Open for Business ‘pulls together data that makes the case for the LGBT community in the workplace’
Fourteen global businesses, including Google and Royal Bank of Scotland, have launched a campaign to put forward the economic case for ending discrimination against lesbian, gay, bisexual & transgender individuals.
Launched at the Clinton Global Initiative annual meeting in New York, the Open for Business campaign published research showing economies, companies and individuals perform better in societies that support LGBT employees.
The report by Open for Business spells out that nearly 80 countries criminalise consensual, adult same-sex activity, or use other laws to marginalise and persecute LGBT individuals.
The initiative, which also includes technology group IBM, consultancy EY and law firm Linklaters and backed by businesses that employ 1.3 million people globally, comes after the controversy sparked by the US state of Indiana in March, when it backed legislation that appeared to allow discrimination against the LBGT community. The row prompted Apple’s boss Tim Cook, who spoke out last year about being gay, to call for a rethink of such laws that have been passed in 20 US states.
In an editorial in the Washington Post at the time, Cook said: “Apple is open. Open to everyone, regardless of where they come from, what they look like, how they worship or who they love. Regardless of what the law might allow in Indiana or Arkansas [which also accepted the legislation], we will never tolerate discrimination.”
Deborah Sherry, UK and Ireland partnership director at Google, said she expected more businesses sign up to Open For Business. The group also includes PR company Brunswick, Standard Chartered bank, financial companies American Express and Mastercard, the McKinsey consultancy, news service Thomson Reuters and Sir Richard Branson’s Virgin group.

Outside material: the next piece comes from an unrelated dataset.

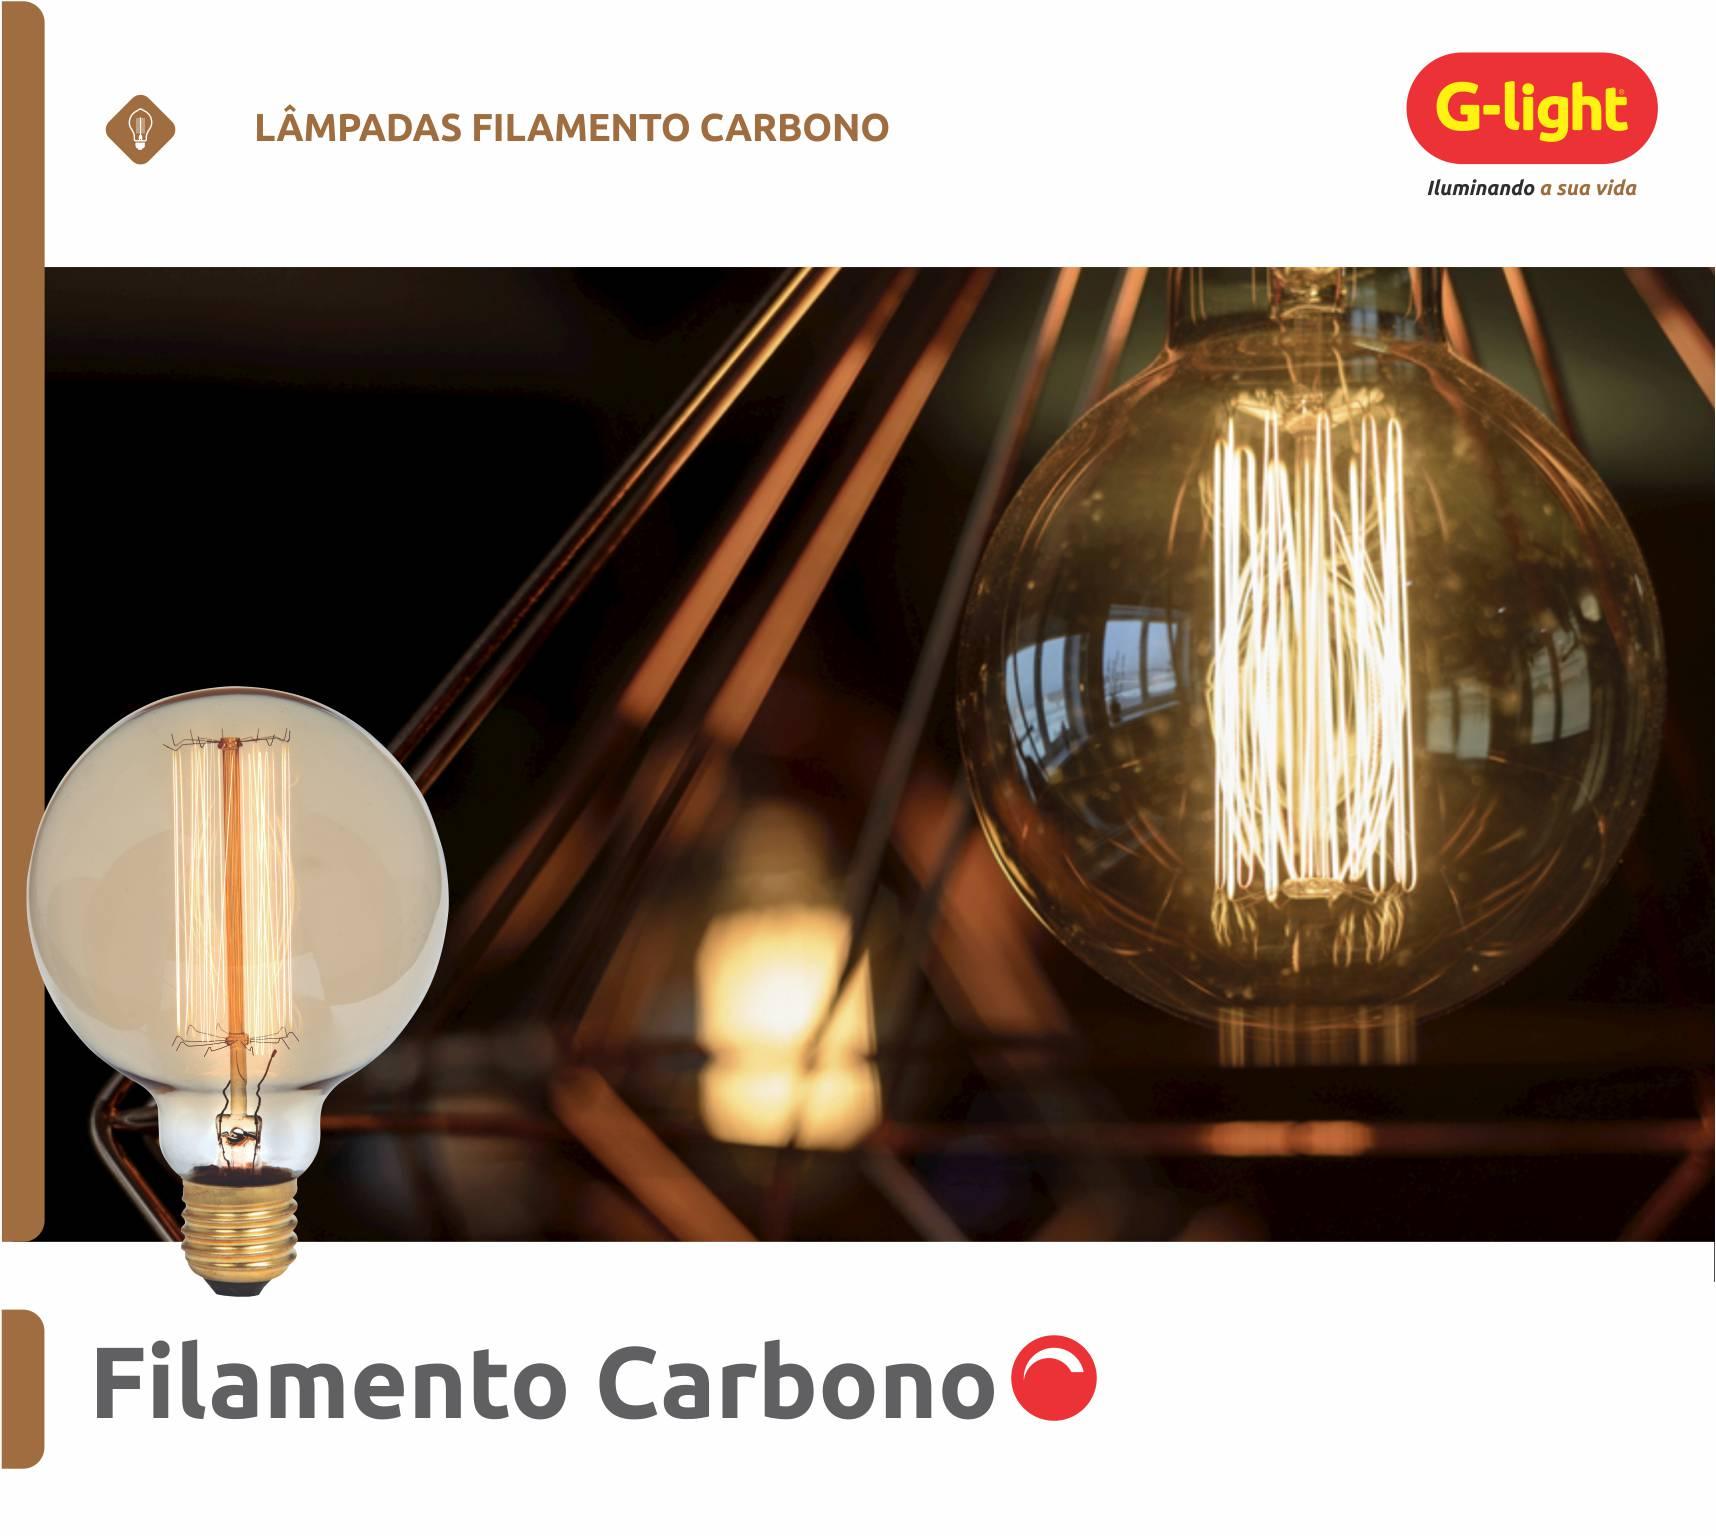 Lâmpadas de Filamento Carbono

It is not advocating specific actions against counties or companies which discriminate against LGBT individuals. Sherry said: “It’s specifically to bring together data and make the business case that if you include the the LGBT community in society, if people can bring their whole selves to work, you attract better people, it lowers [business] costs…its makes them more productive and more entrepreneural and so the company has better output.
“Clearly the LBGT community has got various states of rights and inclusion in society, but there is still much to be done. And change often happens from the ground up so Open for Business is an initiative to pull together the data that makes the case for the LBGT community in the workplace in the same way that has been made for gender and minorities.”
The report includes analysis by the Harvard Business Review, which shows that companies with greater diversity perform better than those which do not. The research found that employees at more diverse companies are 45% more likely to report that their firm’s market share grew over the previous year and 70% more likely to report that the firm had entered a new market.
The report cites reactions to companies in countries where there are laws discriminating against LBGT workers. It raises India, where in 2013 a law decriminalising gay sex was rescinded. Business such as IBM, Royal Bank of Scotland, Cisco, Citigroup, Google, Dell, Novell, General Electric and Microsoft met at the Bangalore campus of Goldman Sachs to discuss strategies to protect their LGBT employees.
It also cited research by MV Lee Badgett, a professor of economics and director of the Center for Public Policy & Administration at the University of Massachusetts, estimating the impact of discrimination on India’s GDP as up to 1.4% of economic output.